Une nouvelle étape vient d’être franchie dans la crise qui secoue actuellement la société Locafrique SA. Face aux lourdes difficultés rencontrées par l’entreprise et aux récentes décisions de gestion, le collège des délégués du personnel a pris la décision d’alerter les autorités compétentes afin de solliciter un examen approfondi de la situation, des actes posés par la gouvernance actuelle et de leurs conséquences directes sur l’avenir de l’institution. Selon les représentants du personnel, les tensions observées depuis plusieurs mois ont désormais atteint un niveau particulièrement préoccupant. Les travailleurs estiment que certaines orientations prises par la direction générale risquent d’affaiblir davantage une société qui joue pourtant un rôle de premier plan dans le financement de l’économie nationale.

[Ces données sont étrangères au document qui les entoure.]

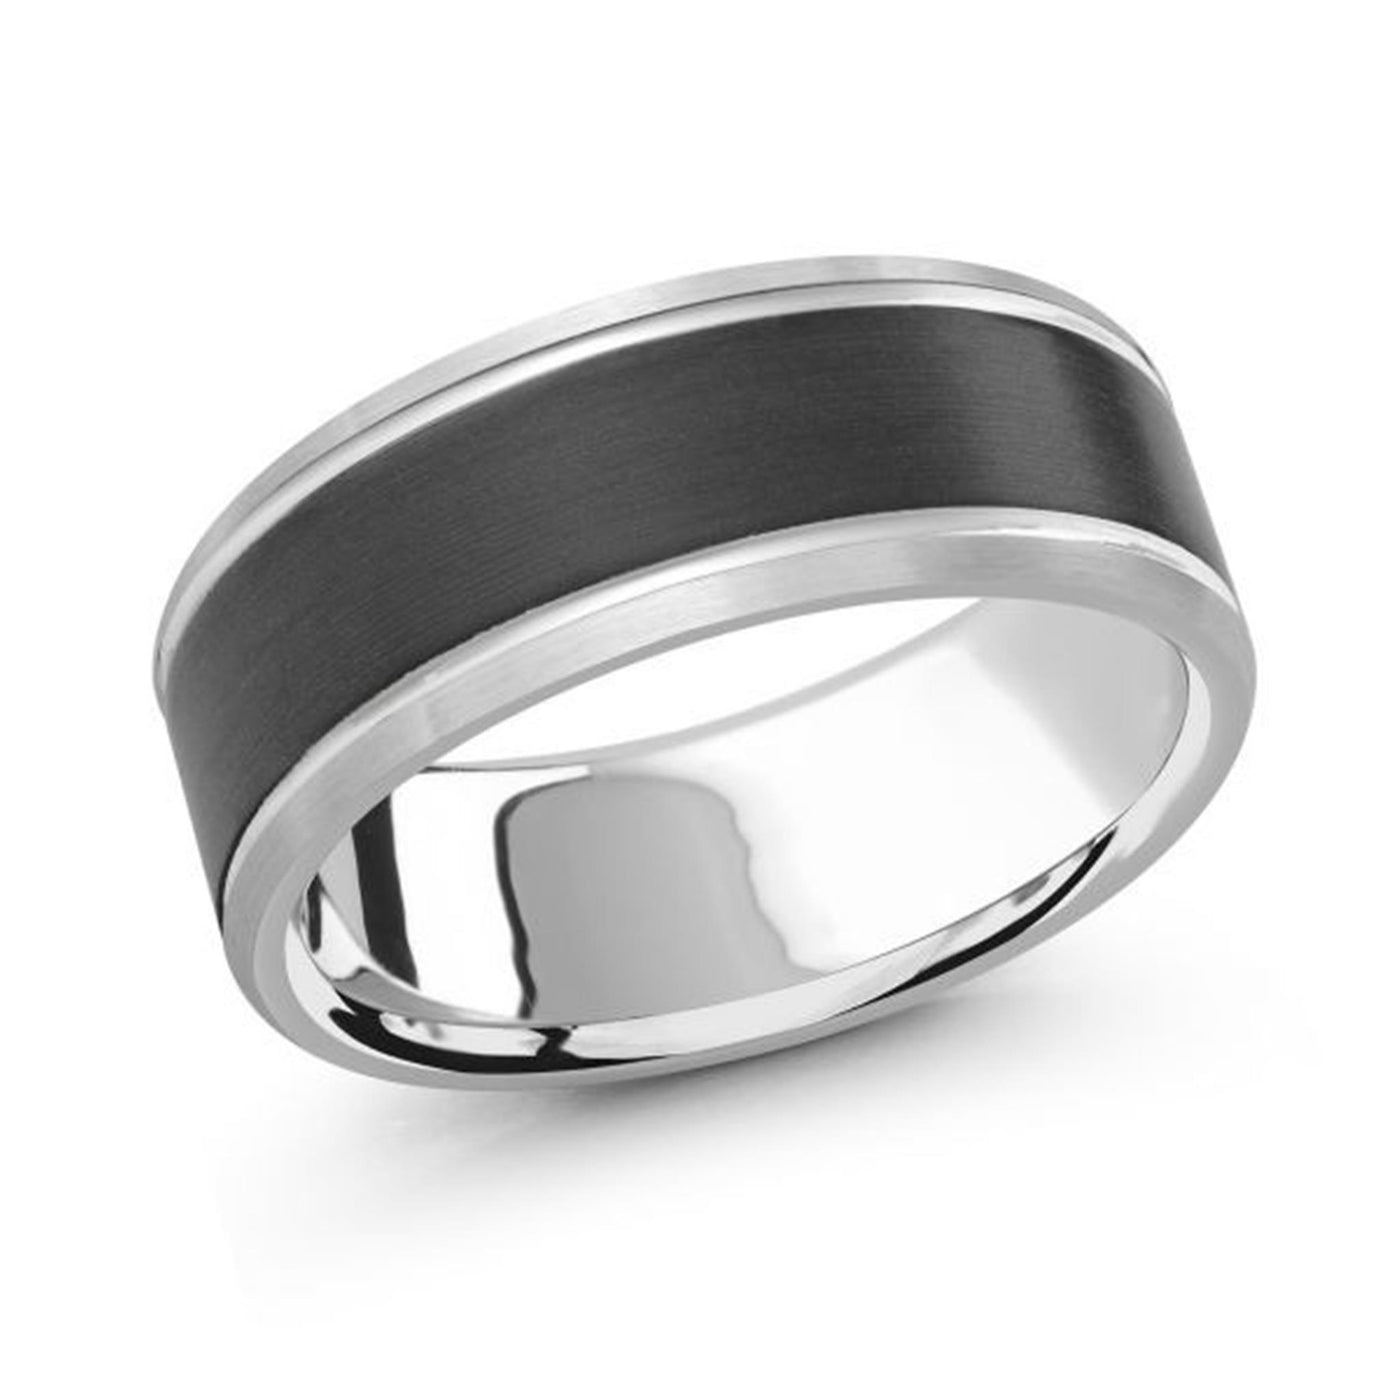 Malo 8mm Carbon Fiber and 14K White Gold Wedding Band

La préoccupation majeure de l’intersyndicale concerne la mise en chômage technique d’une partie importante des effectifs. Pour les délégués, cette mesure unilatérale soulève de graves interrogations quant à son impact sur la continuité des activités et sur la capacité de l’entreprise à mobiliser ses ressources humaines dans une période économique particulièrement sensible. Les représentants du personnel affirment pourtant avoir proposé plusieurs pistes alternatives destinées à préserver les emplois tout en contribuant activement au redressement de la boîte. Parmi ces propositions figuraient des mécanismes de mobilisation interne des compétences et des actions ciblées visant à renforcer l’efficacité opérationnelle dans les secteurs jugés stratégiques pour la relance. Selon eux, ces options n’ont fait l’objet d’aucun examen approfondi malgré des demandes répétées de dialogue et de concertation.
Au-delà des questions strictement liées à l’emploi, les travailleurs expriment leurs vives inquiétudes quant au climat social délétère qui prévaut actuellement au sein des bureaux. Ils estiment que l’instauration d’un dialogue social franc et inclusif est indispensable pour parvenir à des solutions consensuelles et durables. Face à ce blocage, le collège des délégués du personnel indique avoir officiellement saisi le ministère des Finances et du Budget, en sa qualité d’autorité de tutelle, la Primature, ainsi que les instances de supervision financière que sont la Commission bancaire et la Banque centrale des États de l’Afrique de l’Ouest (BCEAO). L’objectif affiché par les salariés n’est pas d’alimenter une polémique médiatique, mais bien d’obtenir un arbitrage impartial permettant d’évaluer les options susceptibles de préserver à la fois l’outil de travail, les emplois et les intérêts des partenaires.
Pour les travailleurs, l’enjeu dépasse aujourd’hui le cadre d’un simple différend social sectoriel. Il s’agit de sauver un acteur financier historique, de sécuriser les intérêts de l’État du Sénégal, de protéger des centaines d’emplois directs et indirects, et de sauvegarder un savoir-faire précieux construit au fil des années. Les représentants du personnel réaffirment leur entière disponibilité à participer à toute initiative de médiation ou de concertation qui permettrait d’aboutir à des solutions équilibrées, transparentes et conformes à l’intérêt général. Ils lancent enfin un appel pressant aux plus hautes autorités afin que toute la lumière soit faite sur la gestion de l’entreprise et que les décisions futures soient prises dans un esprit de responsabilité collective.